| WORK REQUIRED |
Verbatim copy without images: return all of the data as it stands.

| RECORDED INFORMATION |
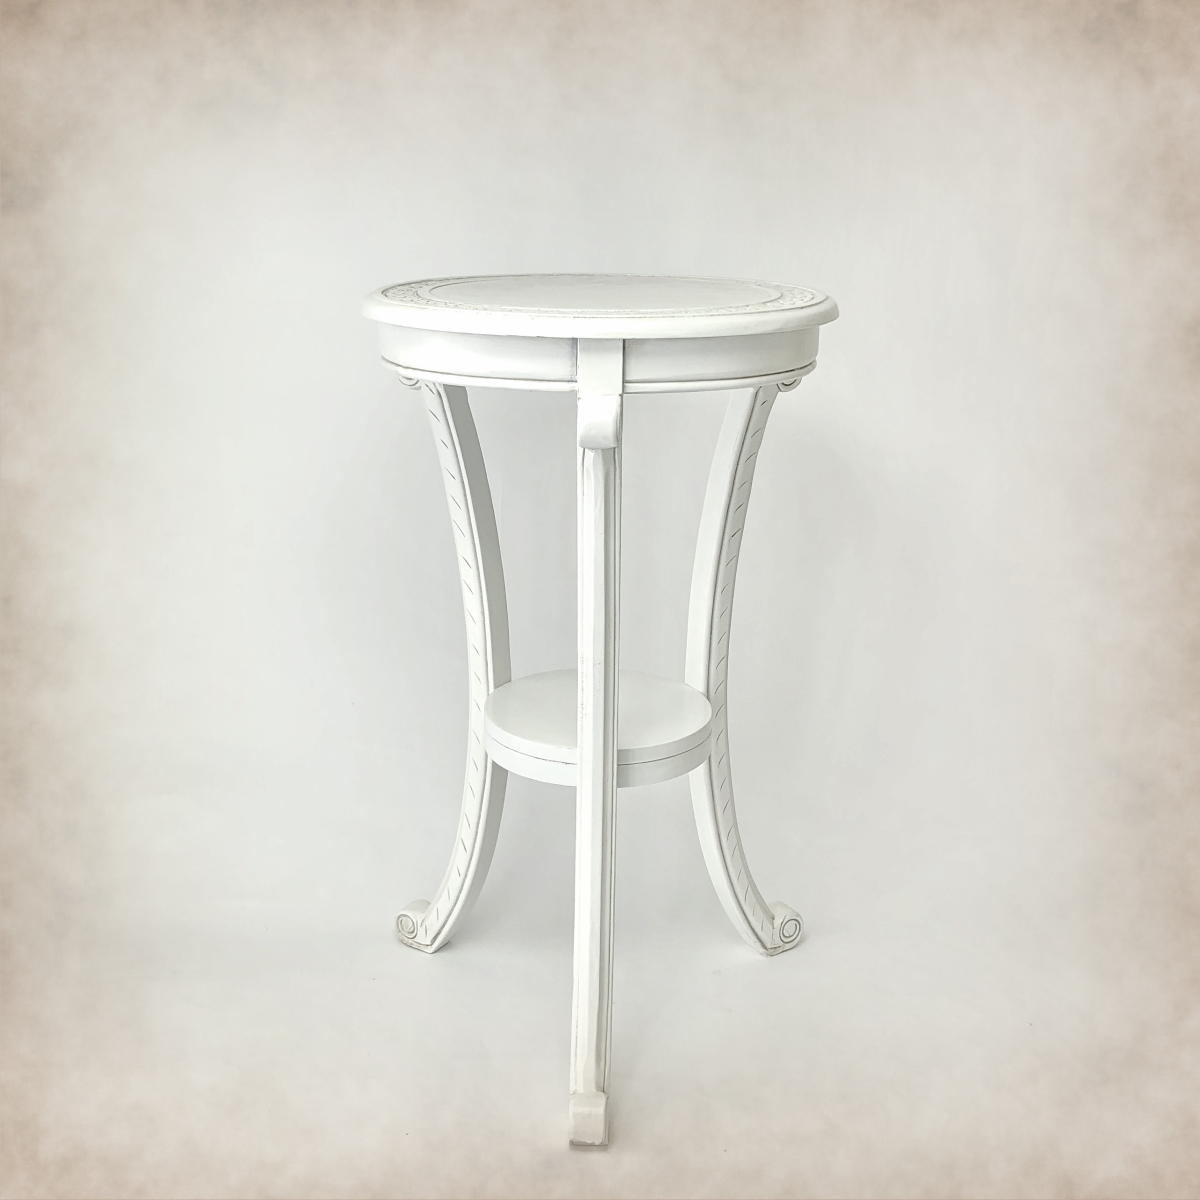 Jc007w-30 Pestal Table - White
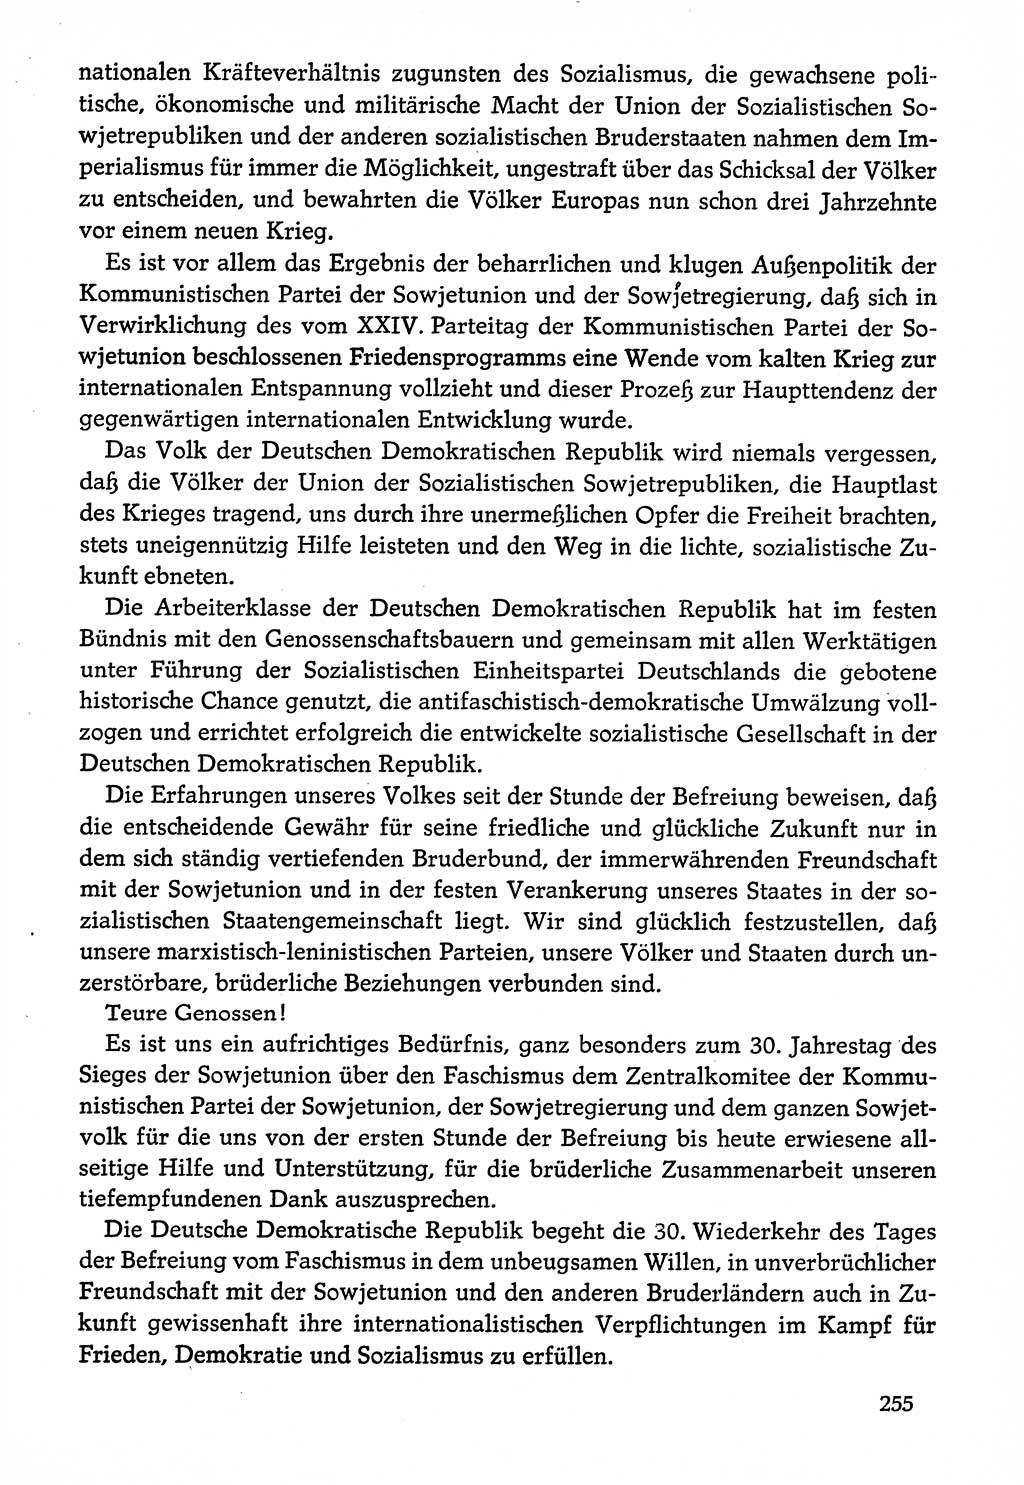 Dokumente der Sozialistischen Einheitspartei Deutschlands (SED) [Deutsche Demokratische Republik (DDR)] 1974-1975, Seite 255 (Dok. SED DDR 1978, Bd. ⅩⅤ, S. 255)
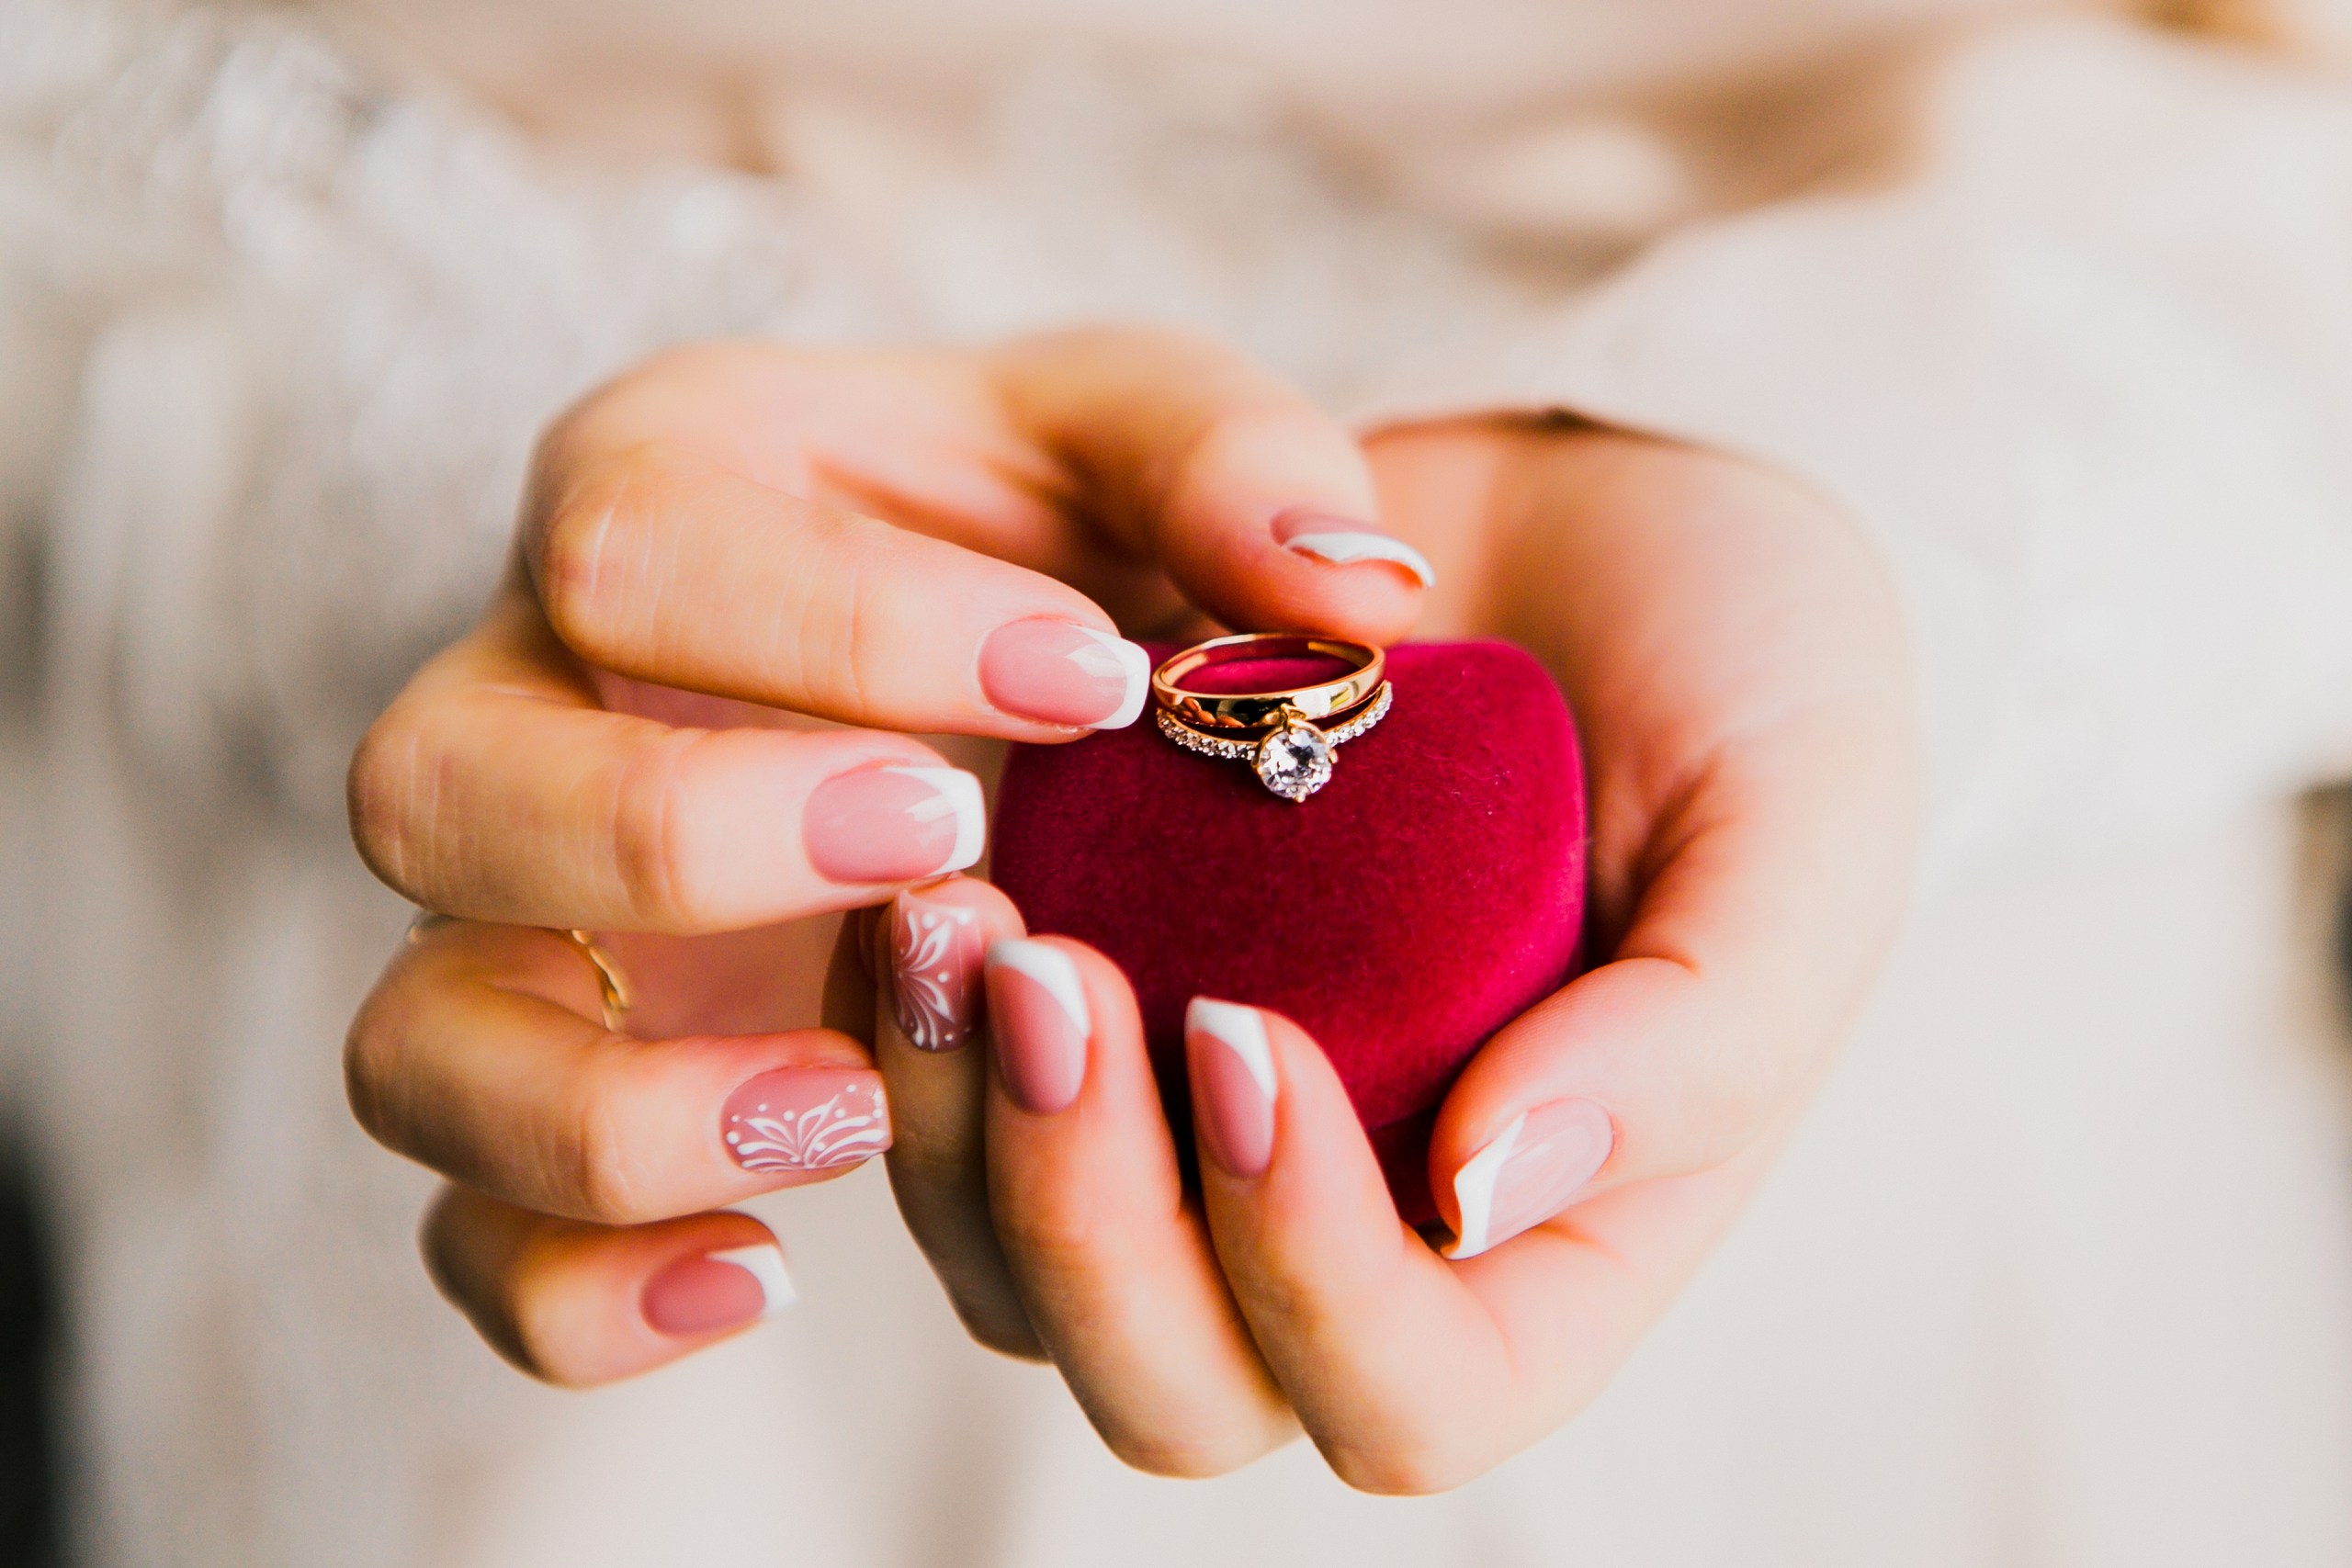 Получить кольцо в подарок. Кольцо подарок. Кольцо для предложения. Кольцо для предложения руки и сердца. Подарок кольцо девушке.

| SOLUTION TO THIS TASK |
 Jc007w-30 Pestal Table - White
 Dokumente der Sozialistischen Einheitspartei Deutschlands (SED) [Deutsche Demokratische Republik (DDR)] 1974-1975, Seite 255 (Dok. SED DDR 1978, Bd. ⅩⅤ, S. 255)
 Получить кольцо в подарок. Кольцо подарок. Кольцо для предложения. Кольцо для предложения руки и сердца. Подарок кольцо девушке.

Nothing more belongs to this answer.